**THE PROBLEM:** Your answer must be the full listing below, restated word for word, with no pictures in it.

--- DATA FOR REVIEW Enclosed Below ---

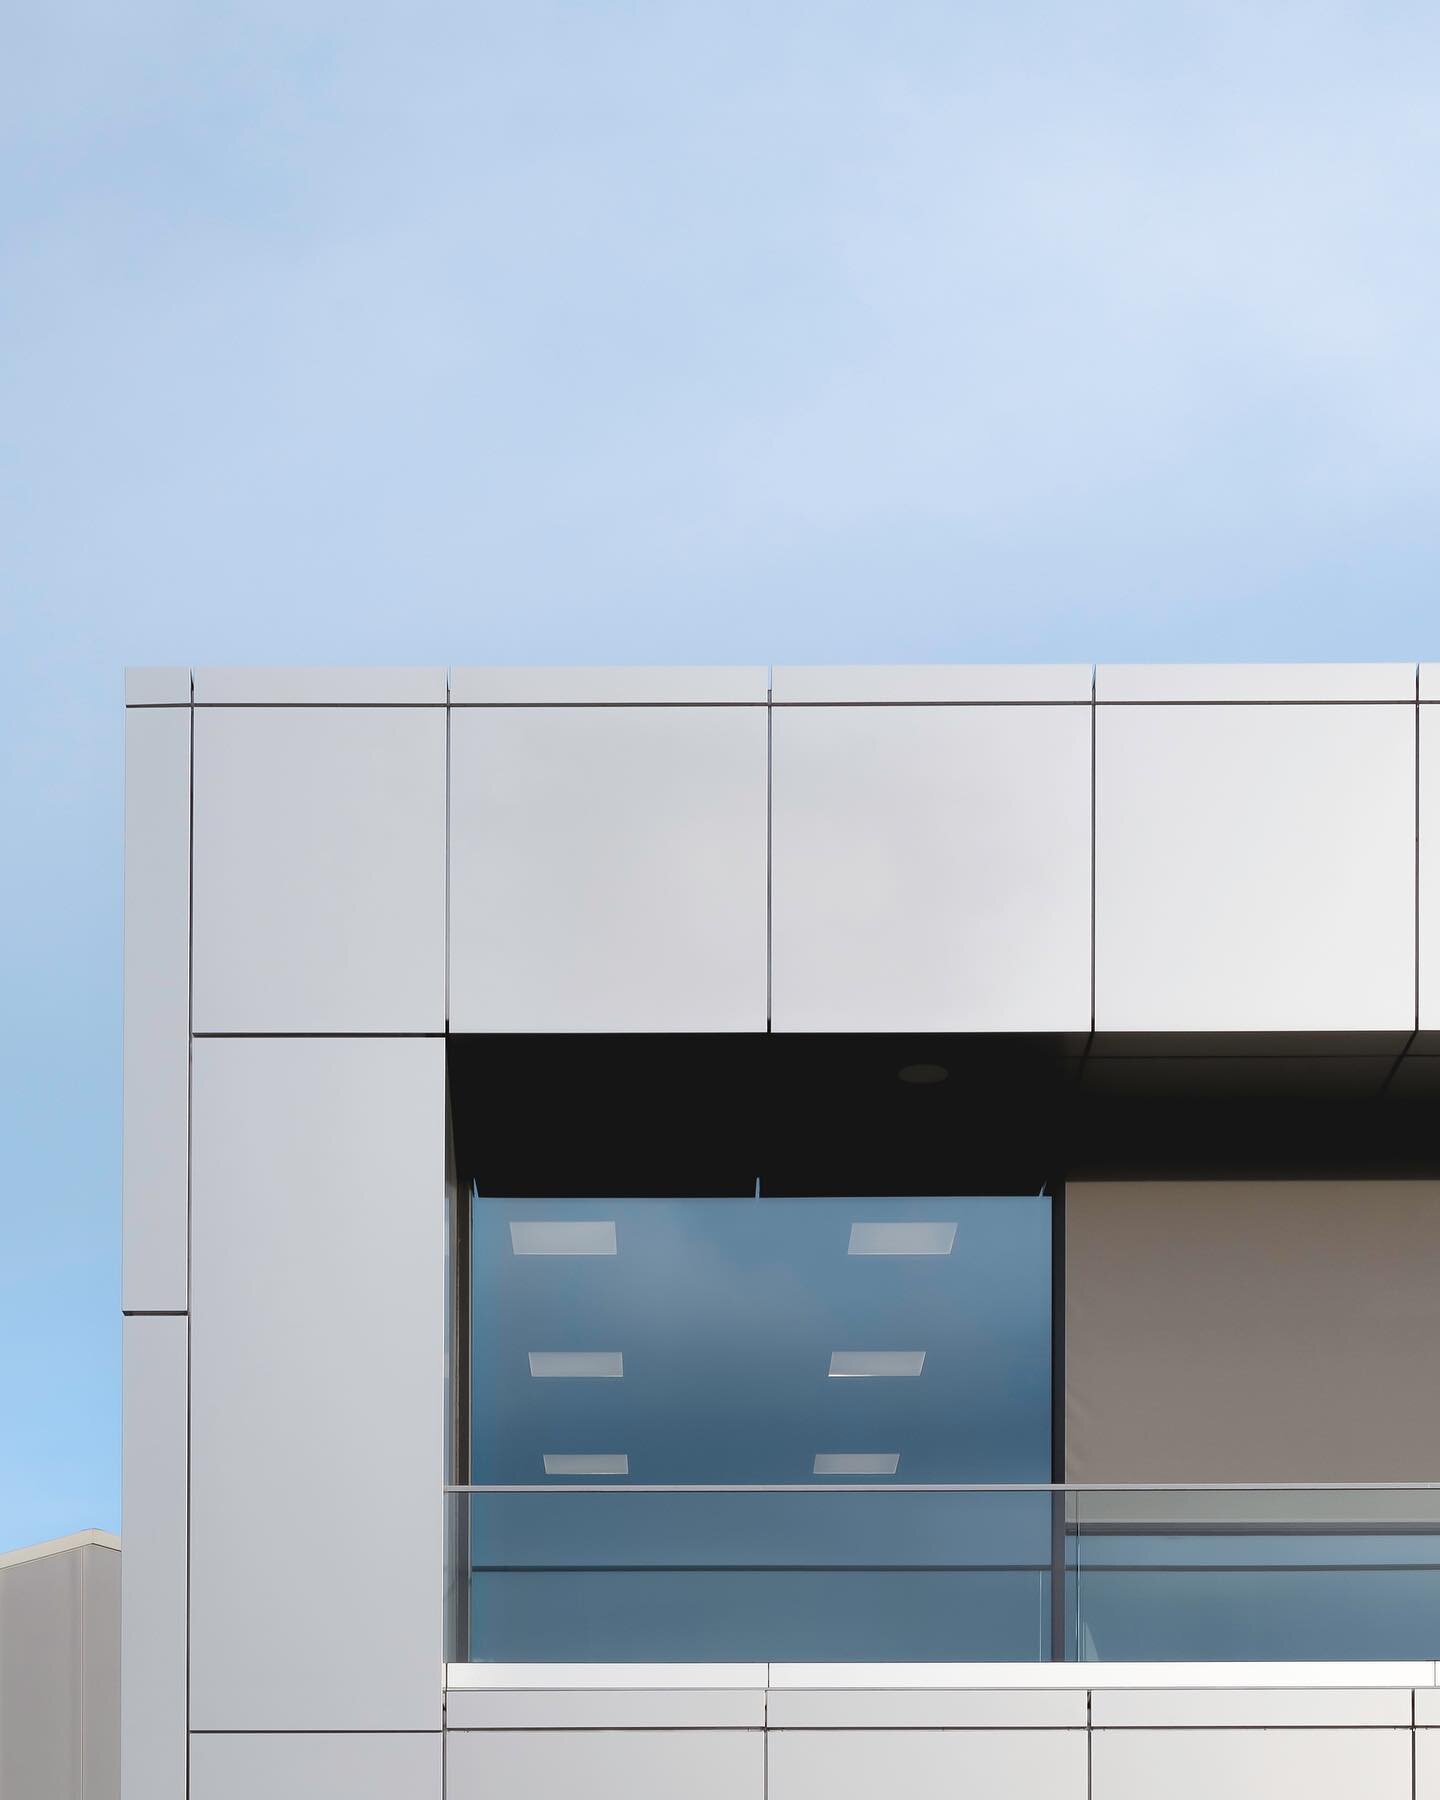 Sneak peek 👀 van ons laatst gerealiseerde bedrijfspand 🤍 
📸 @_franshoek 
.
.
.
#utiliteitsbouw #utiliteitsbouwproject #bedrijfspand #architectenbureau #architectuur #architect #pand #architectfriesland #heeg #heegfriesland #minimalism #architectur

--- End of Enclosed DATA FOR REVIEW ---

**RESPONSE:**
 Sneak peek 👀 van ons laatst gerealiseerde bedrijfspand 🤍 
📸 @_franshoek 
.
.
.
#utiliteitsbouw #utiliteitsbouwproject #bedrijfspand #architectenbureau #architectuur #architect #pand #architectfriesland #heeg #heegfriesland #minimalism #architectur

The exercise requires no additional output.